This makes no sense. Active sonar pingers are on pretty much all boats apart
from small dingies.

------
kanwisher
Extremely excited about this project. Anyone that wants to get into robotics
for the ocean should check out [http://www.amazon.com/Underwater-Robotics-
Science-Design-Fab...](http://www.amazon.com/Underwater-Robotics-Science-
Design-Fabrication/dp/0984173706)

------
austinz
My senior engineering project in college was the development of a GPS-guided
robotic boat for recreational purposes. Our team consisted of three electrical
engineers with very little machine design experience (this was just the first
of many aspects of this endeavor which were hilariously ill-thought out), so
we ended up bashing together a makeshift thruster out of plumbing fittings and
an electric trolling motor, with predictably awful results.

Seeing this brought back memories. A self-contained thruster unit intended for
integration into a larger robot might just have saved our project, had it been
available four years ago.

------
based2
[http://liquidr.com/](http://liquidr.com/)
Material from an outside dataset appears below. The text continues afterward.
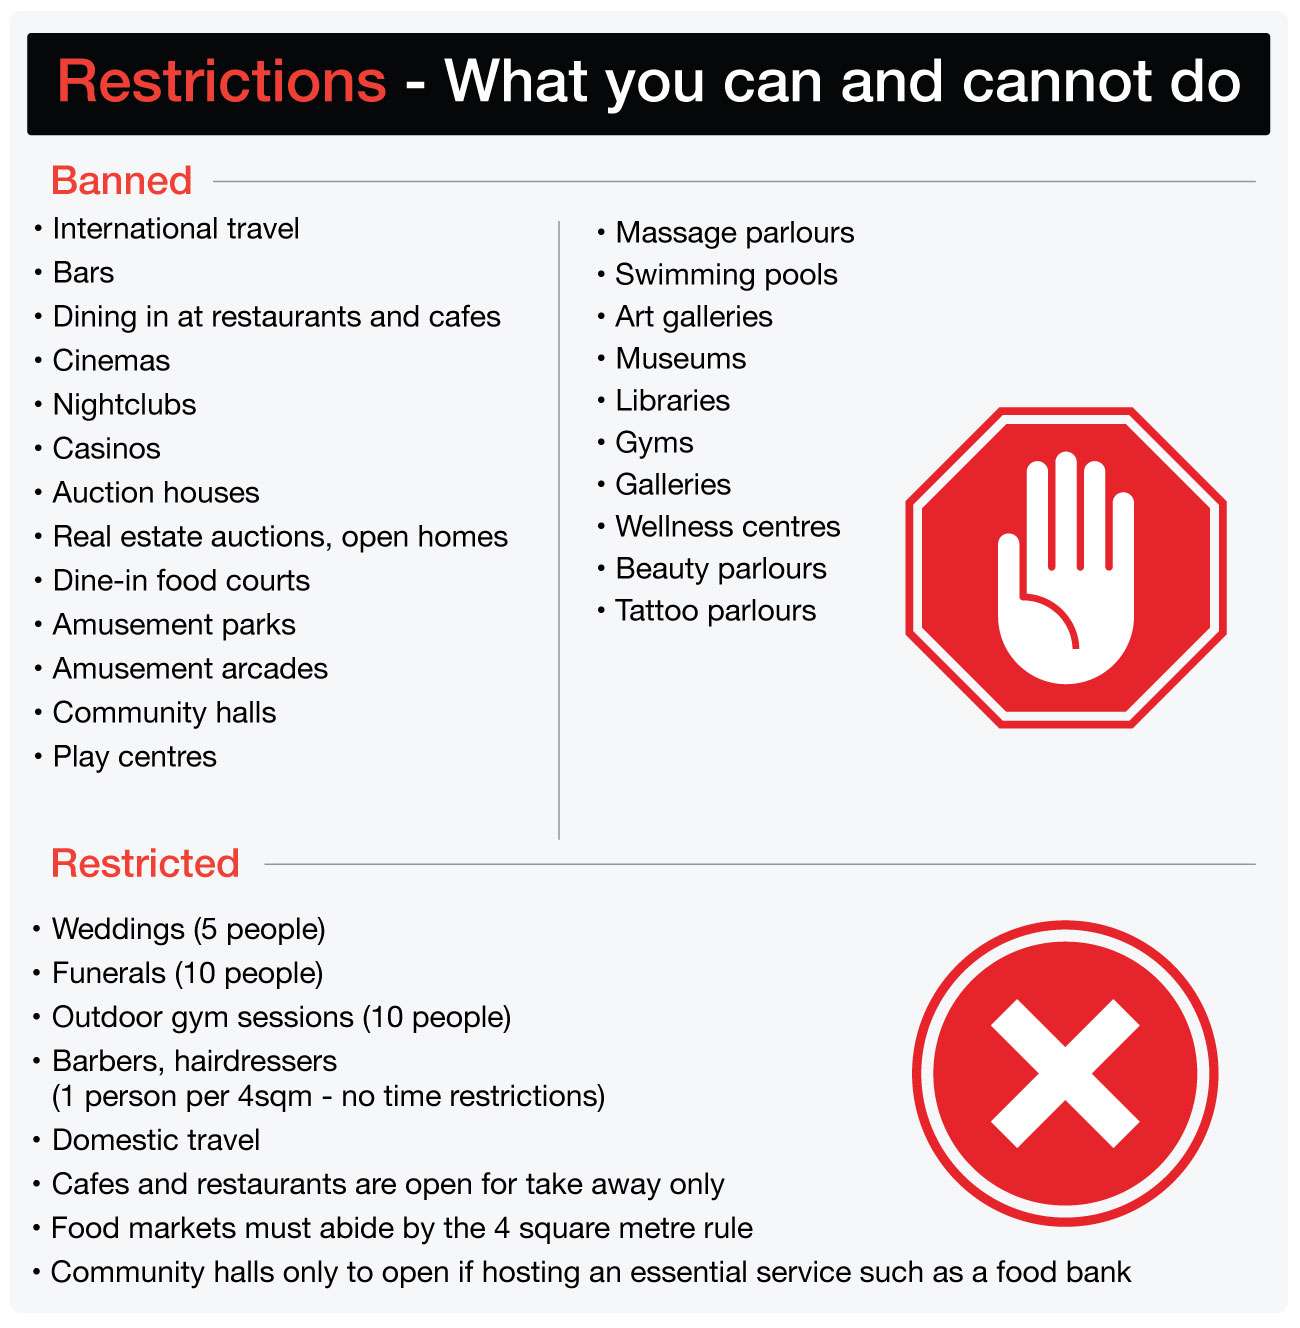 NED-1460-Restrictions-What-you-can-and-cannot-do_H832KooA-.jpg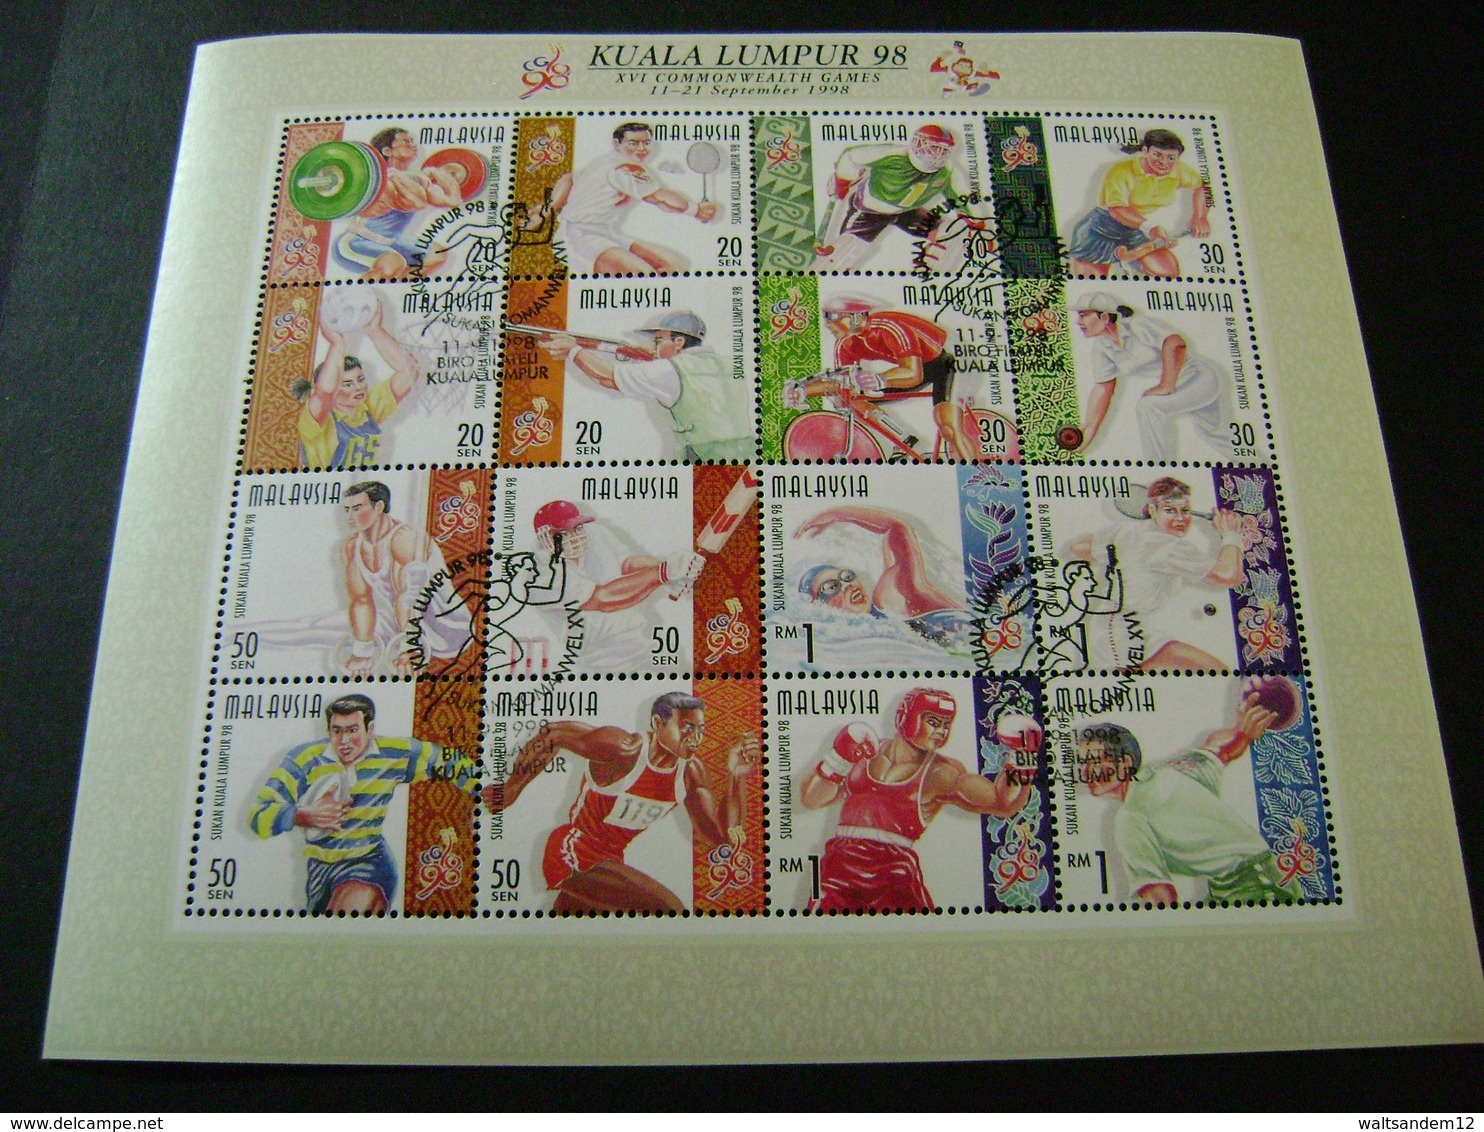 Malaysia 1998 Stamp Issues (SG 674-687, Ms688, 689-713, Ms714) 3 Images - Used - Malaysia (1964-...)

[http://nighthacks.com/roller/jag/](http://nighthacks.com/roller/jag/)

------
spiritplumber
Looks a lot like what we did for OpenROV.
[https://www.youtube.com/watch?v=8q4CirrIgWo](https://www.youtube.com/watch?v=8q4CirrIgWo)

------
owenversteeg
Wow, looks great! I don't have much interest in making a boat, but this looks
like a great Kickstarter.

Also, the thrust and efficiency looks crazy good on those! At 50% it looks
like 1.2kg + what looks like 30g/W, which is insane efficiency compared to
multirotor motors on the market now. I'm guessing the fact that you're in
water helps substantially with that, right?

------
ranran876
It seems like they should have waited for the surfboard thing to make it's
journey before launching the kickstarter. It would have made the project seem
a lot more credible. Like another poster mentioned, I'm sure a lot of drug
traffickers would be willing to invest if it's proven to work

------
wainstead
This and Saildrone promise a very exciting future for ocean exploration and
data gathering.

[http://www.wired.com/2014/02/saildrone/](http://www.wired.com/2014/02/saildrone/)

------
unepipe
Can't wait to attach a gopro and make an underwater drone.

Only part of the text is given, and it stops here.